Mit all den Worten in meiner Hand gehe ich zur Kommode und greife nach den Streichhölzern. Im schwachen Licht der Nachttischlampe öffne ich die Tür zu meinem kleinen Balkon. Noch immer ist es angenehm warm, nur eine leichte Brise weht mir um die Nase und lässt mich kurz die Augen schließen. Ich gehe in die Knie, lege die Blätter auf den Boden. Woche um Woche tue ich das bereits und trotzdem wird mir jedes Mal schwer ums Herz. Jedes Mal zittern meine Hände. Jedes Mal, wenn die Flamme auf das Papier trifft, wenn sie sich ausbreitet, hell aufleuchtet und all meine Worte an Izzy zerstört.

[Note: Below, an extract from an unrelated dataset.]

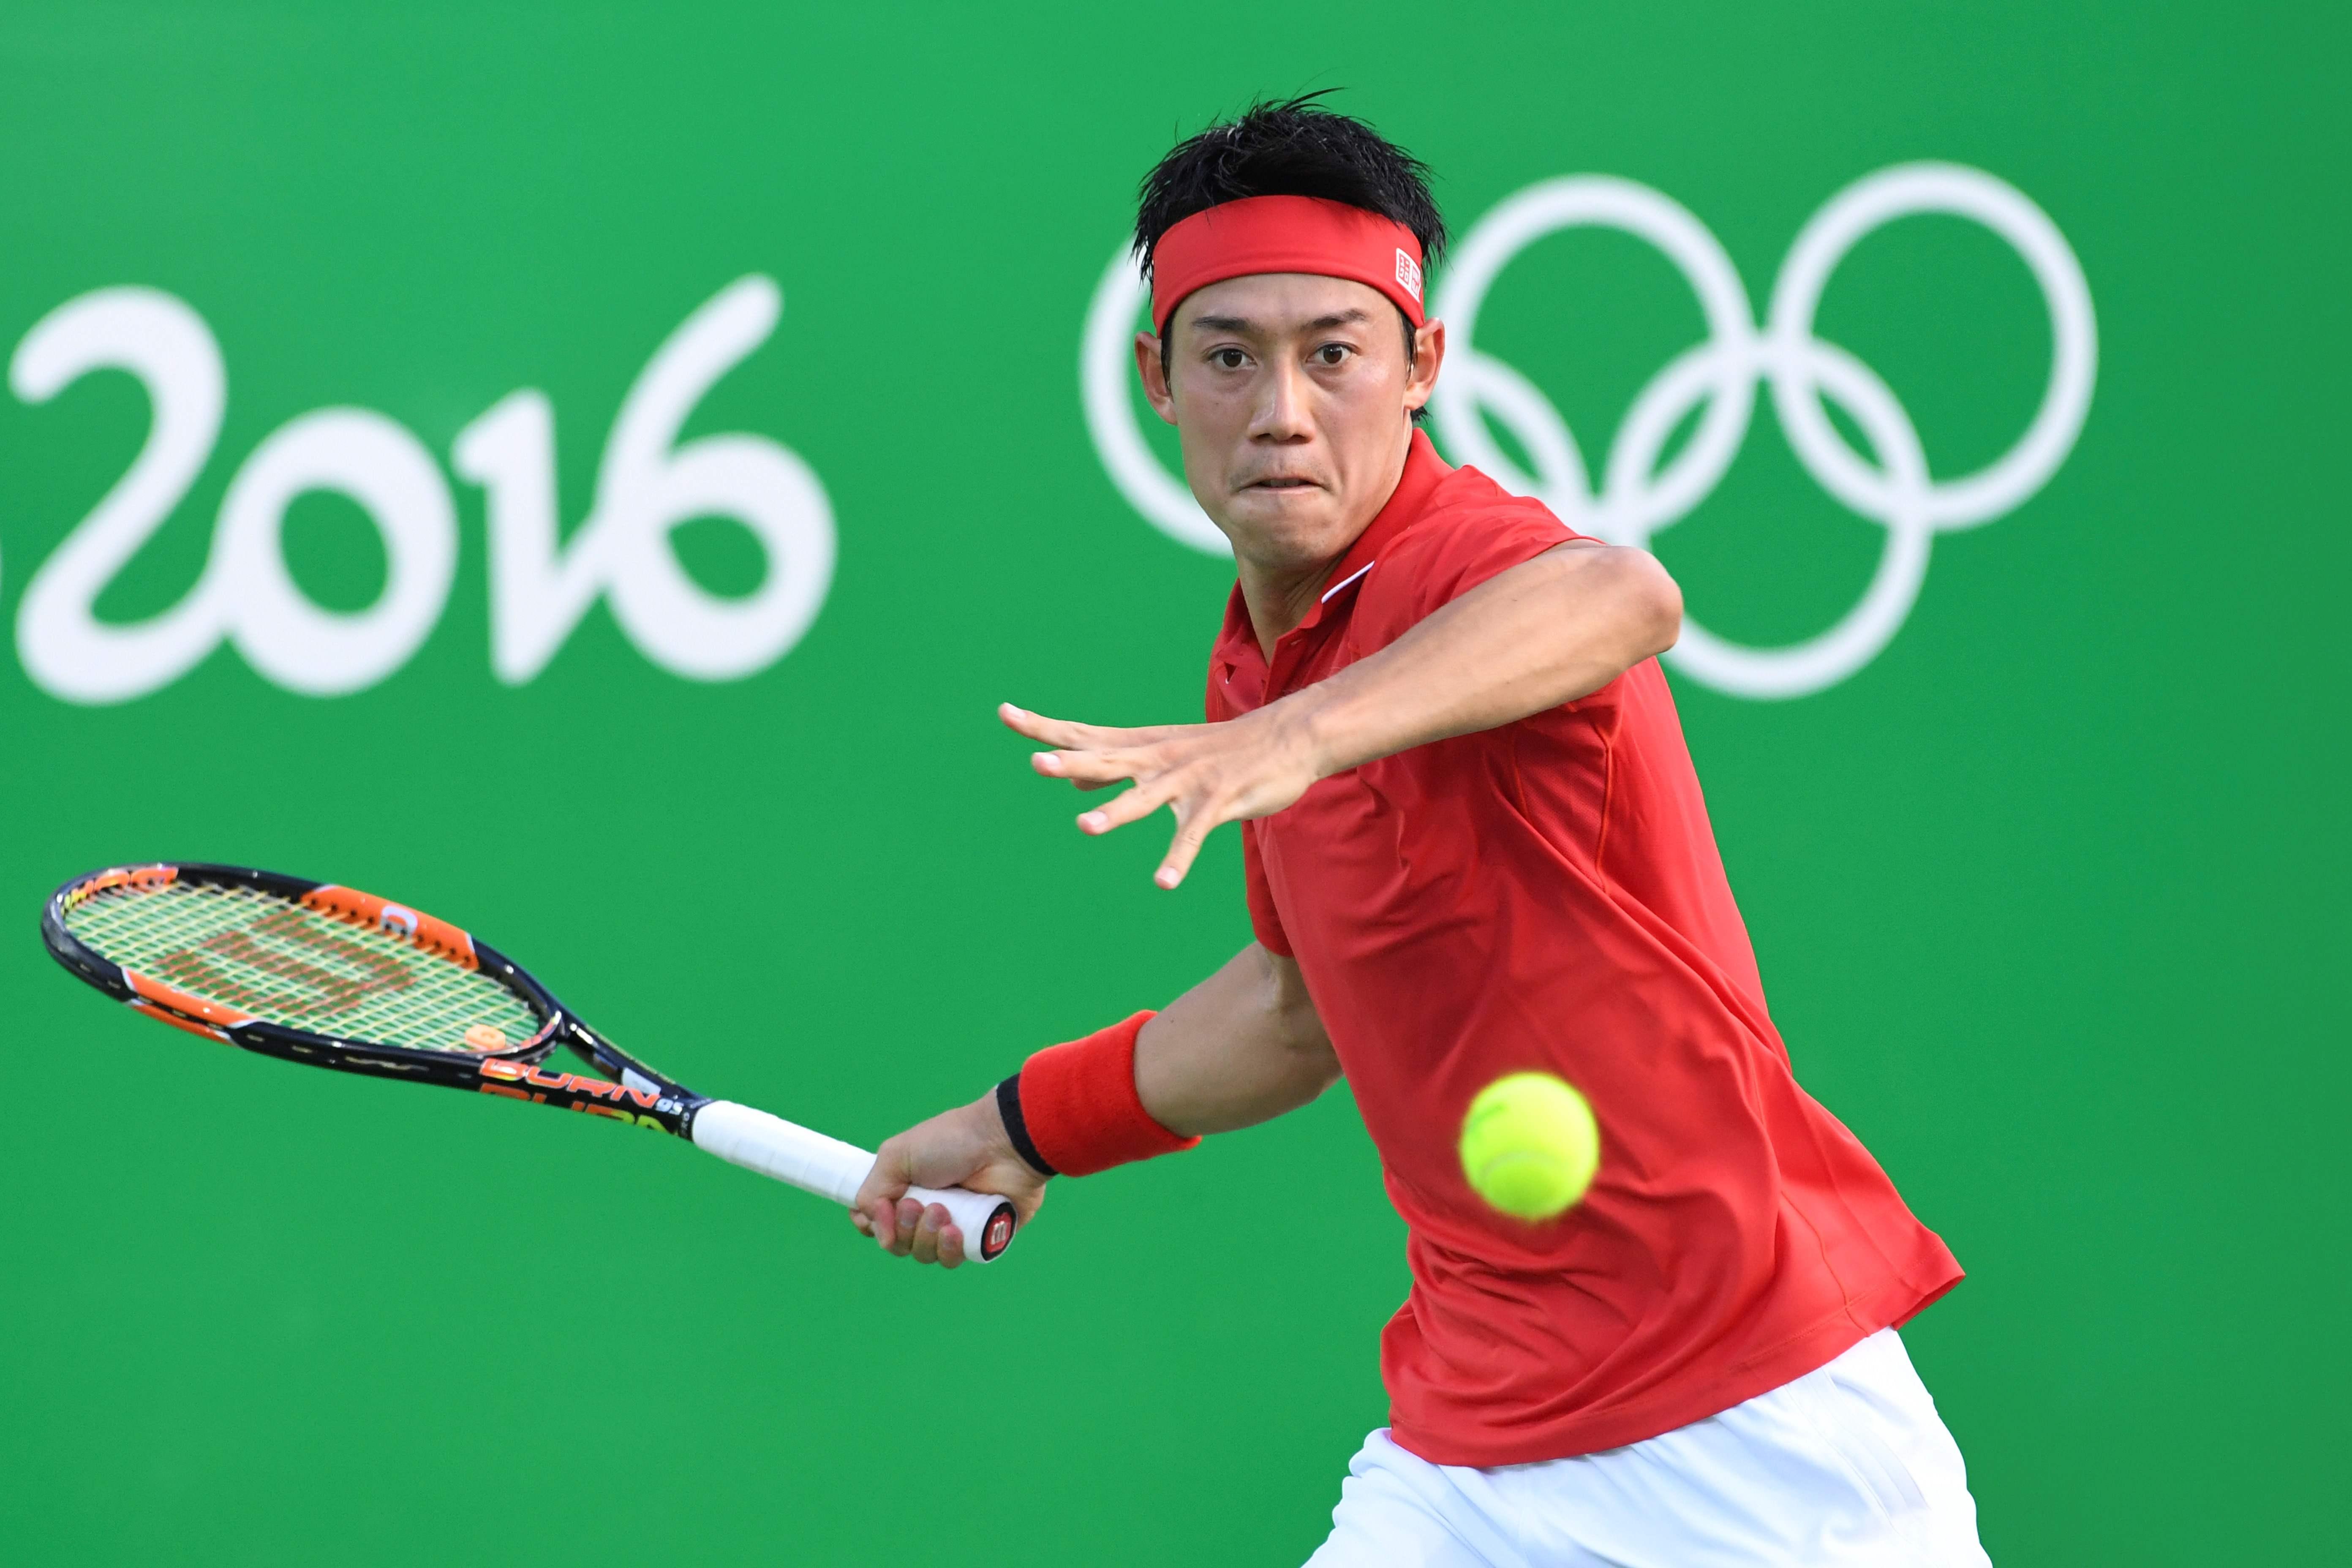 リオ五輪で銅メダルを獲得した錦織圭

Ein Ratschen, das Streichholz geht an, die Flamme lodert, so klein und trotzdem so mächtig. Sie züngelt, als ich sie an das Papier halte, und dann beobachte ich, wie sie ihr Werk tut. Wie nichts als Asche bleibt. Aus meinen Gedanken wurden Worte, die nun verbrennen und wieder zu Gedanken werden. Aber jetzt habe ich das Gefühl, sie gesagt zu haben. Still und doch so laut.

Als die letzte Flamme erlischt und mich im Halbdunkel zurücklässt, als ein Windhauch die letzten Fetzen mit sich fortträgt, gehe ich zurück ins Zimmer. Lauschend stehe ich da, aber es ist vollkommen ruhig im Haus. Meine Eltern haben nicht versucht, mit mir zu reden, sie kamen nicht nach oben. Vielleicht geben sie es jetzt auf, weil ich sowieso nicht antworte. Weil ich es nicht kann. Ich glaube, ich kann meine Gedanken nicht mehr aussprechen, ich glaube, ich würde die Töne nicht mehr finden. Ich weiß nicht mehr, wie man spricht, es fühlt sich an, als hätte ich es nie gewusst. Es ist kein Automatismus mehr. Nein, es ist etwas, für das mir die Anleitung fehlt.